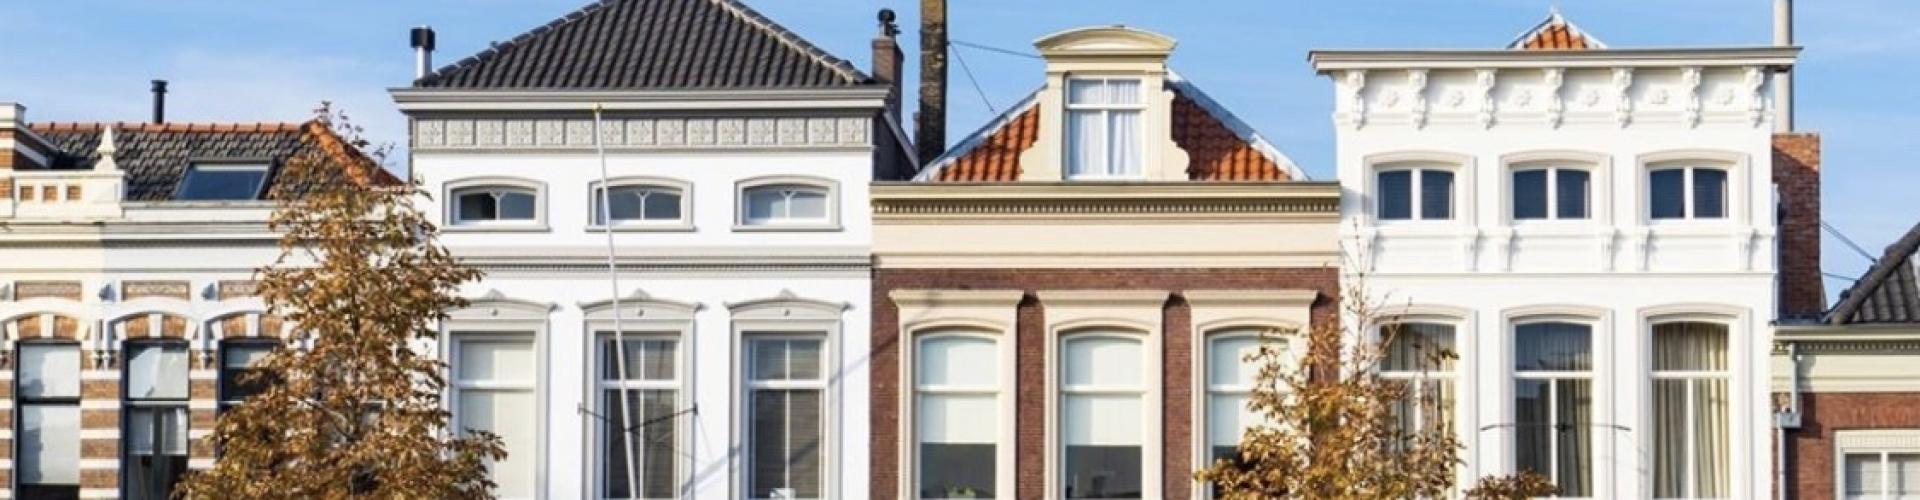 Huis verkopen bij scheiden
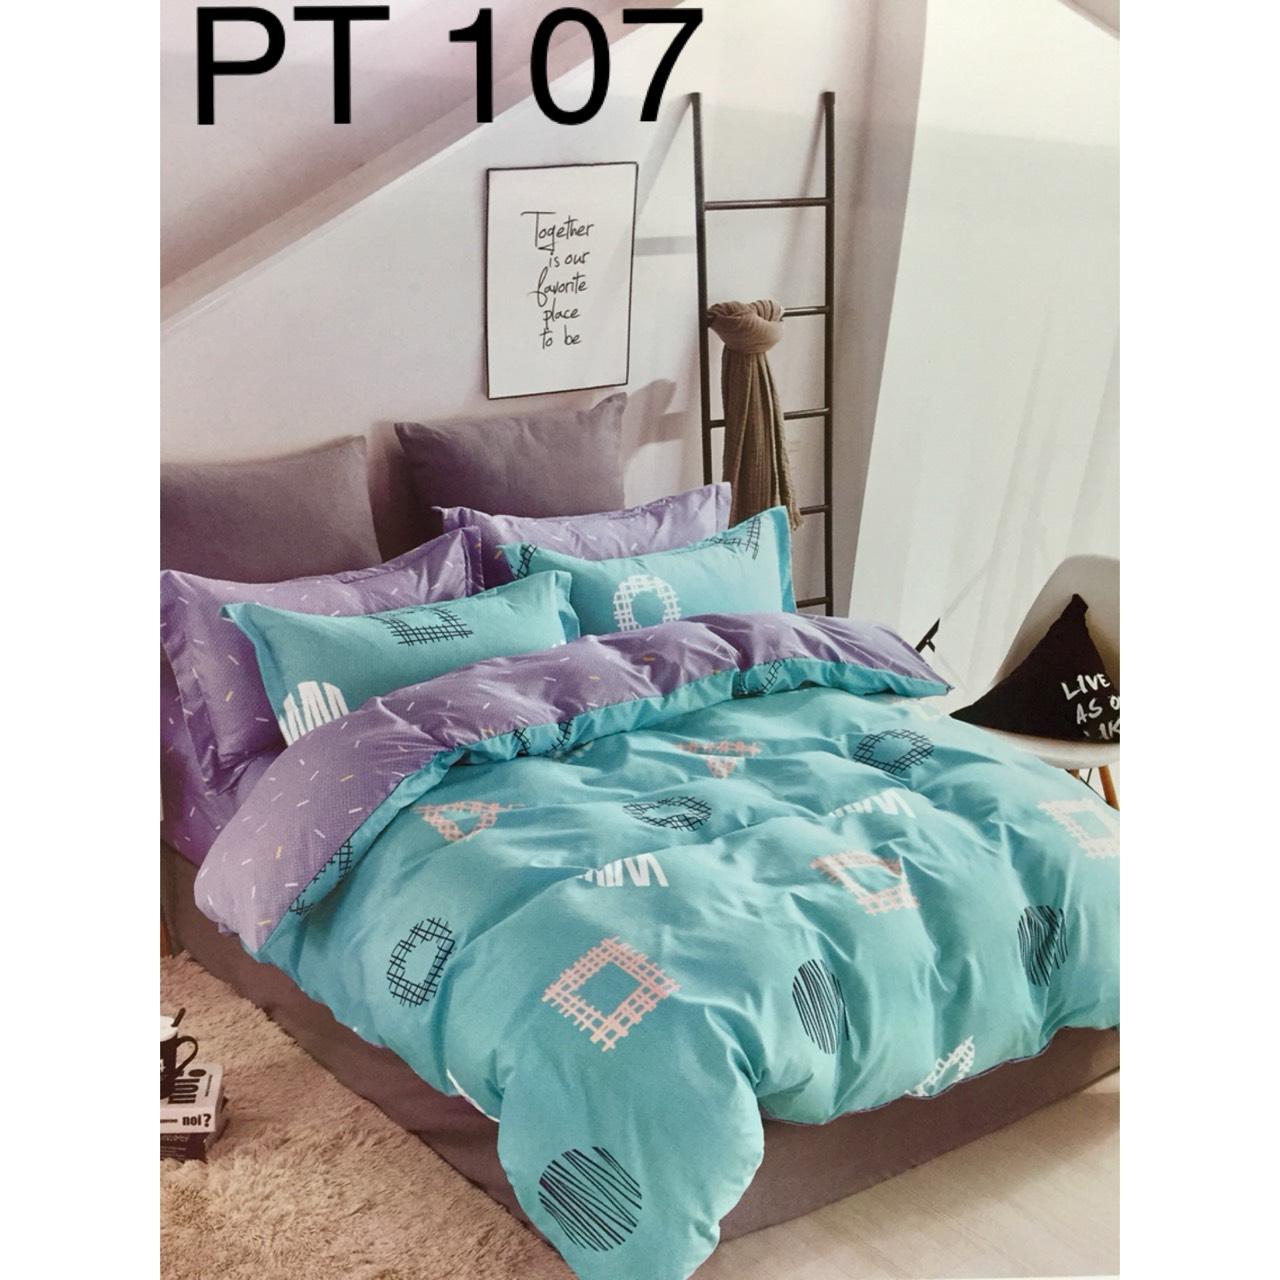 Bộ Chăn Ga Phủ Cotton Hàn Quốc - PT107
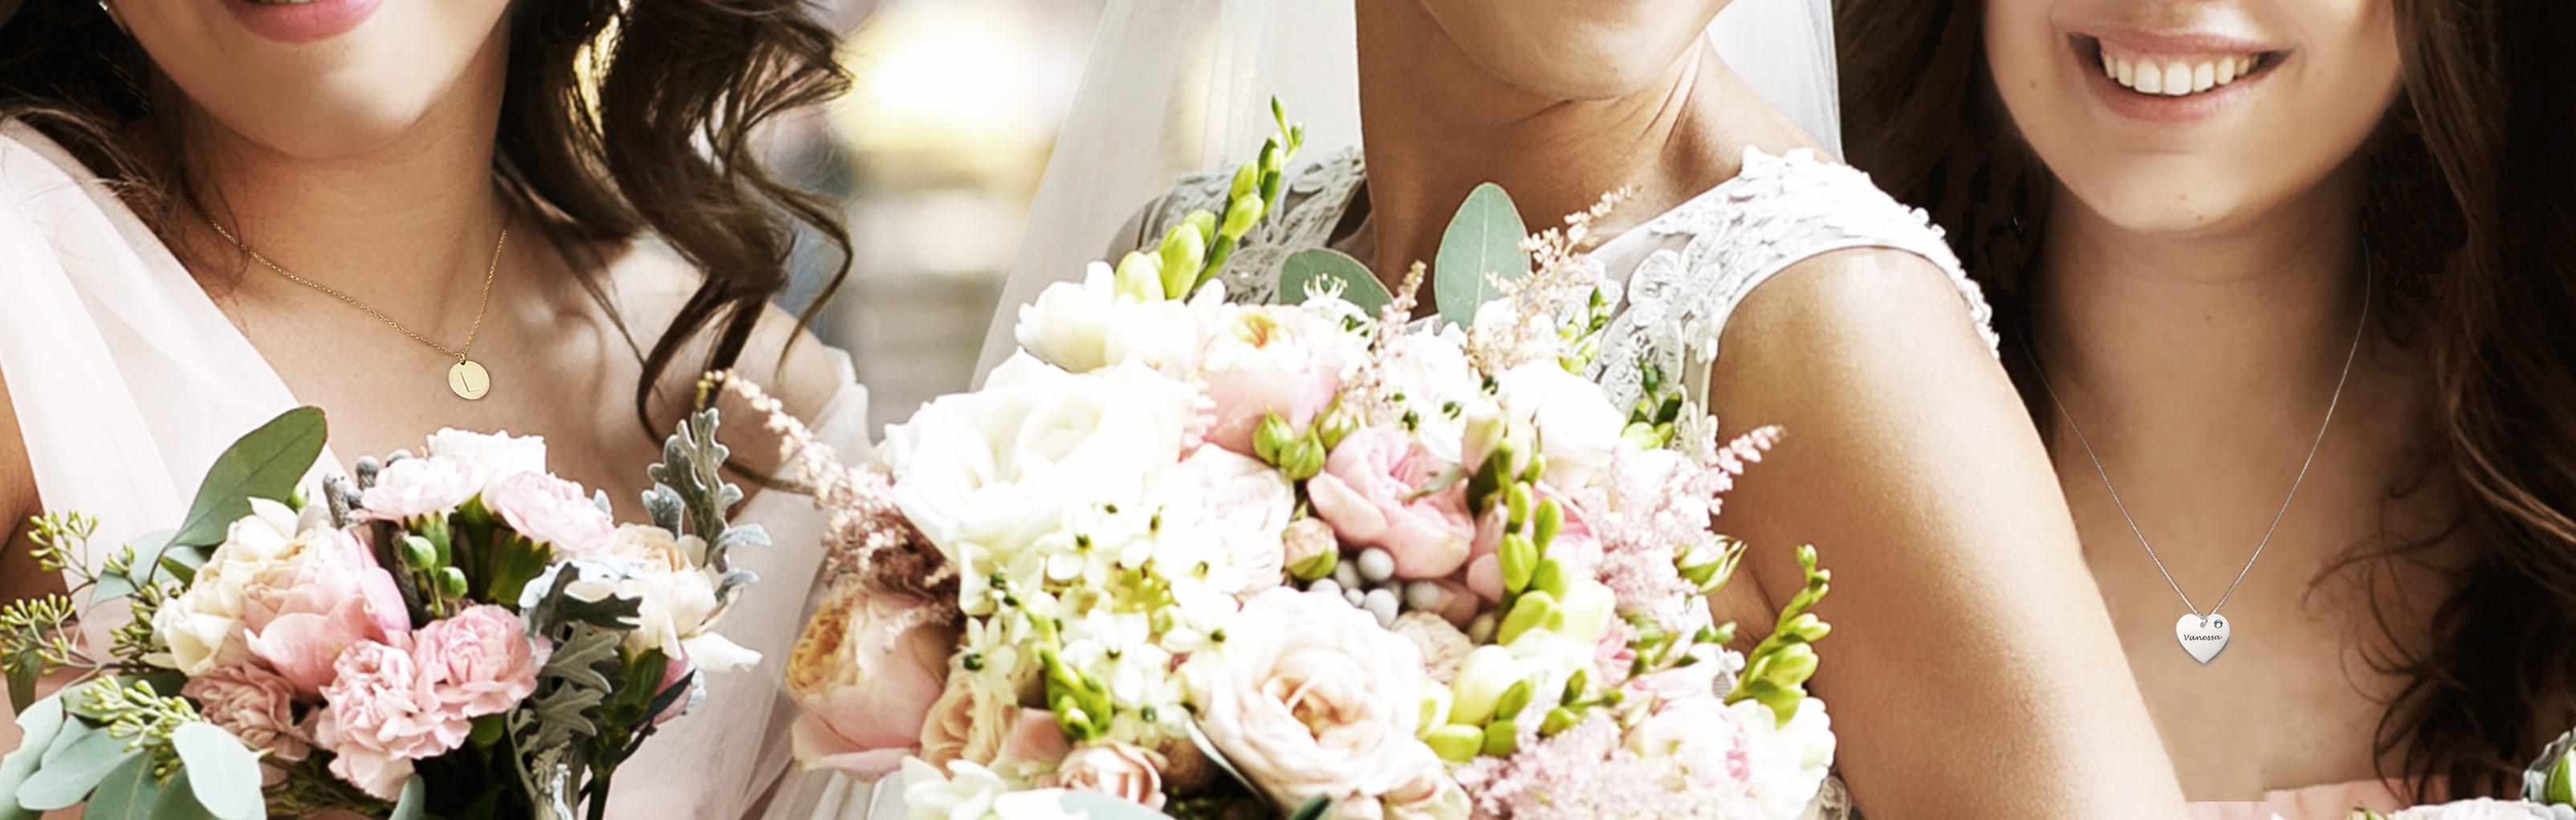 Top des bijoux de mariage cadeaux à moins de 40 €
····················
### WHAT THE TASK REQUIRES
Starting at the line with "Bộ Chăn Ga Phủ Cotton Hàn Quốc - PT107" and stopping at the final line of the material, reproduce each line exactly, both ends included. Leave the pictures out.

### RESPONSE FOR THIS EXERCISE
 Bộ Chăn Ga Phủ Cotton Hàn Quốc - PT107
 Top des bijoux de mariage cadeaux à moins de 40 €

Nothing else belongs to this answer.